Publié le 28 novembre 2023 , 6:30
Mis à jour le: 28 novembre 2023 3:48 pm

Centrafrique : l’avocat de Maxime Mokome, Philippe Larochelle, dénonce la CPI et les accords controversés avec le gouvernement centrafricain

 

Maître Larochelle Philippe, avocat à la cour pénale internationale
Maître Larochelle Philippe, avocat de monsieur Maxime Mokome devant la cour pénale internationale (CPI). Photo courtoisie.

 

Bangui, 29 novembre 2023 (CNC) – Dans une interview exclusive accordée à notre directeur de publications, Alain Nzilo, l’avocat de Monsieur Maxime Mokome, Me Rochelle, lève le voile sur les récents développements entourant le cas de son client et la situation en République centrafricaine. Alors que le Procureur adjoint de la Cour pénale internationale (CPI) évoque la possibilité d’extrader Mokome vers la RCA et annonce des accords de coopération, Me Rochelle ne mâche pas ses mots et expose des inquiétudes sérieuses quant à l’intégrité de la CPI et à l’avenir de son client.

Dans cette interview, Me Rochelle dénonce le manque de preuves solides, les alliances controversées de la CPI, et les implications dramatiques pour la justice et la sécurité de Maxime Mokome. Une conversation percutante qui remet en question le rôle de la CPI dans cette affaire délicate et la situation actuelle en République centrafricaine.
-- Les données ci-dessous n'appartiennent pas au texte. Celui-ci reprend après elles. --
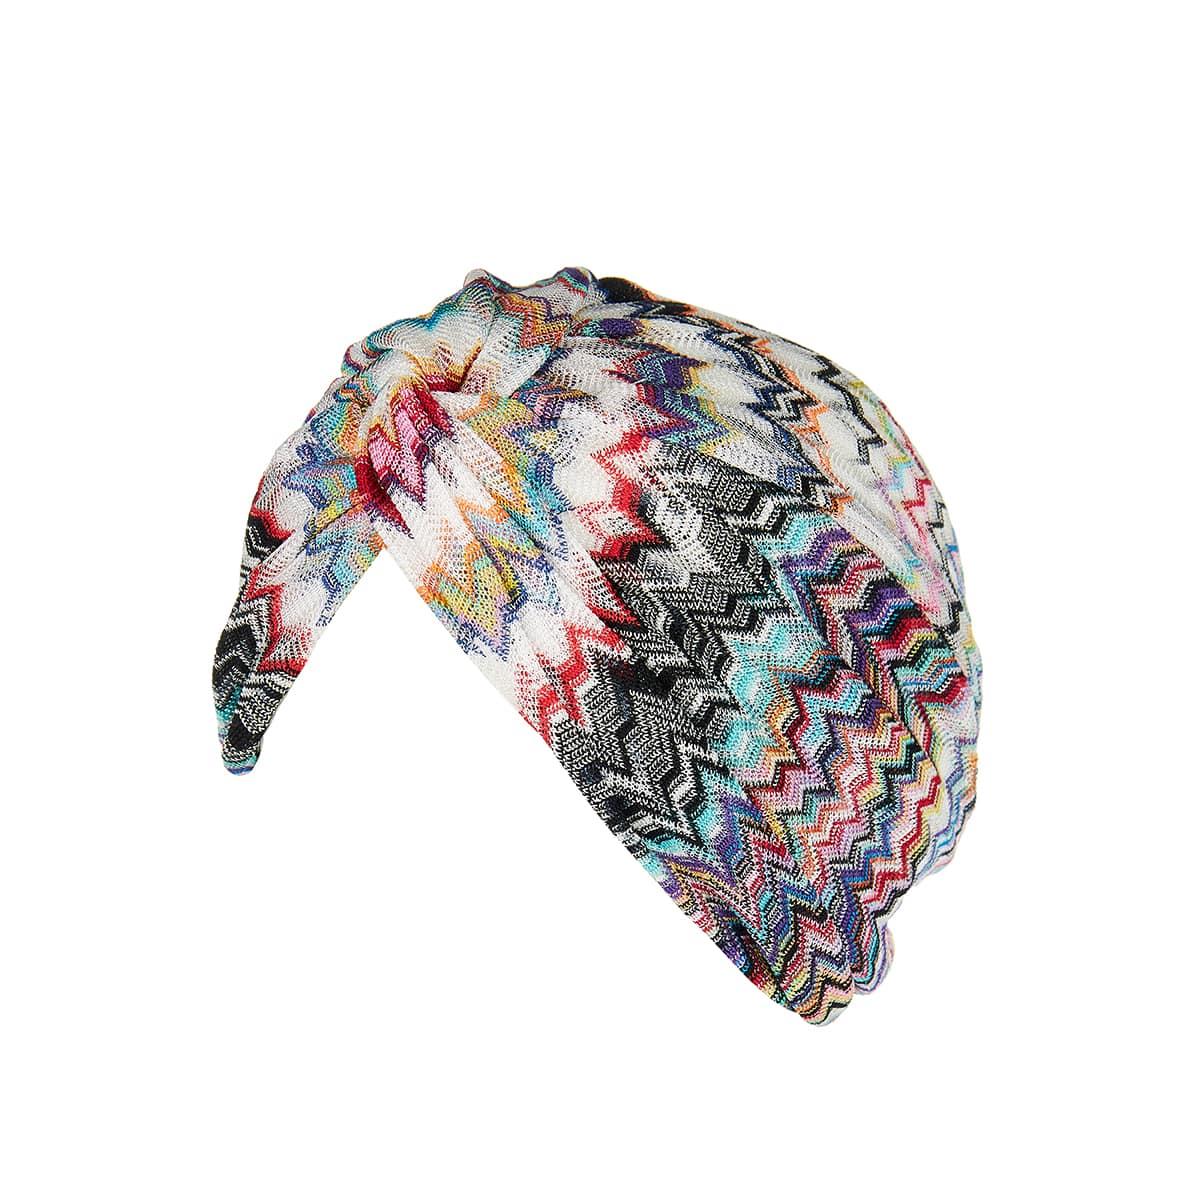 Chevron knit turban
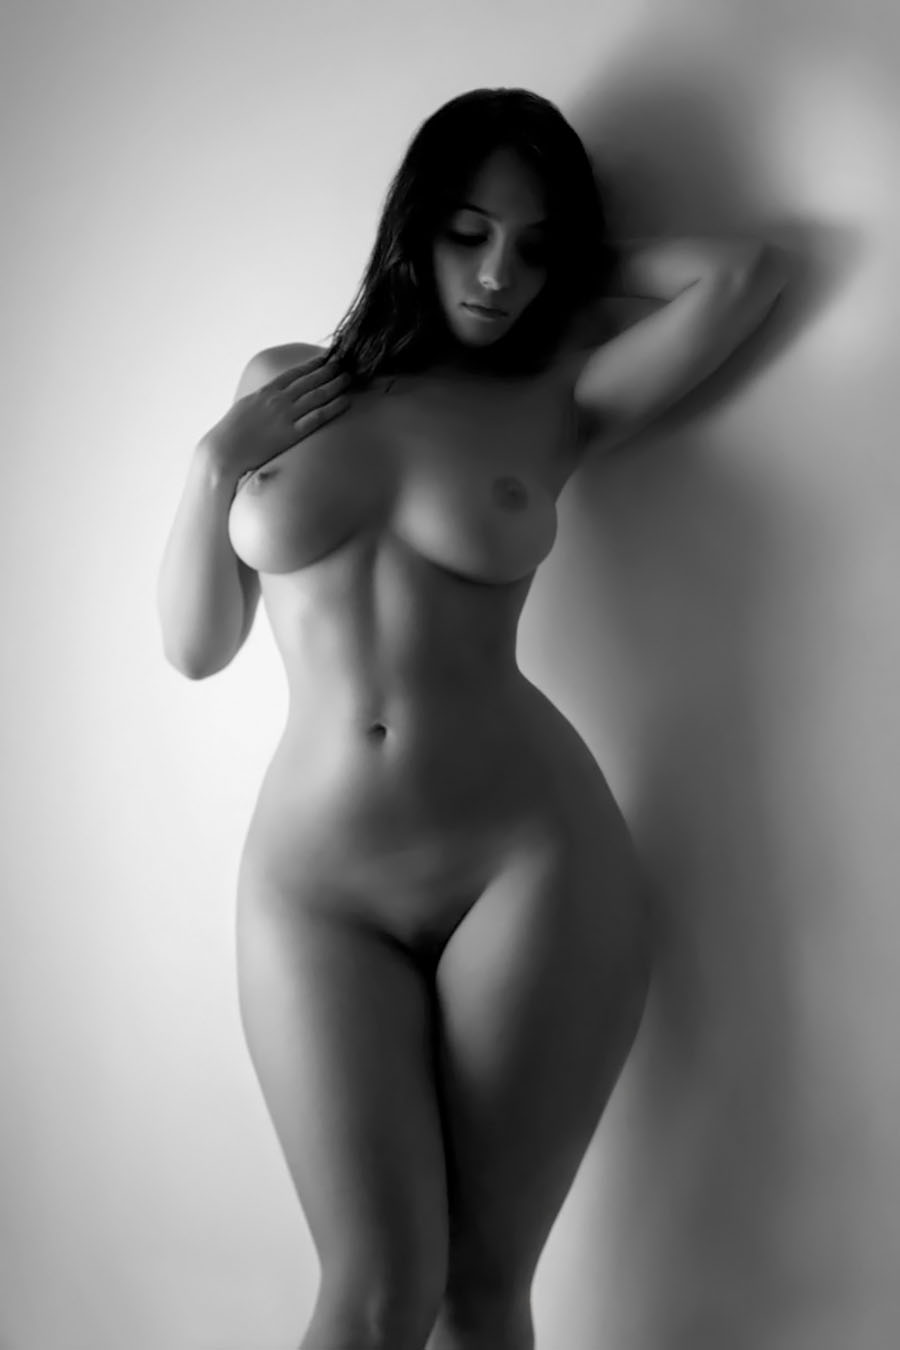 Фото женских фигур порно 6 фотография

Ci-après, l’intégralité de l’interview de l’avocat de Maxime Mokome

 

Corbeaunews-Centrafrique (CNC) : Maître Philippe Larochelle, Bonjour. Je vous remercie d’avoir accepté cette interview. Je suis Alain Nzilo, Directeur de publications du journal en ligne Corbeaunews-Centrafrique (CNC). Nous souhaitons discuter avec vous de la récente visite de Monsieur Mame Mandiaye Niang, Procureur Adjoint de la Cour Pénale Internationale (CPI), en République centrafricaine, ainsi que des développements liés au cas de Monsieur Maxime Mokome.

Lors du point de presse du Procureur adjoint de la CPI à Bangui, il a évoqué la possibilité technique de l’extradition de Monsieur Maxime Mokome vers la République centrafricaine. Pourriez-vous nous expliquer la signification de cette réponse et comment cela pourrait affecter la situation de votre client ?

 

Philippe Rochelle : On peut sérieusement se questionner sur les motivations et le timing de l’abandon des charges par le Procureur, quelques jours à peine après que les tribunaux de la RCA aient rendu un jugement contre Mokom en son absence. Quel est le rôle exact du Procureur dans ce vaudeville judiciaire ?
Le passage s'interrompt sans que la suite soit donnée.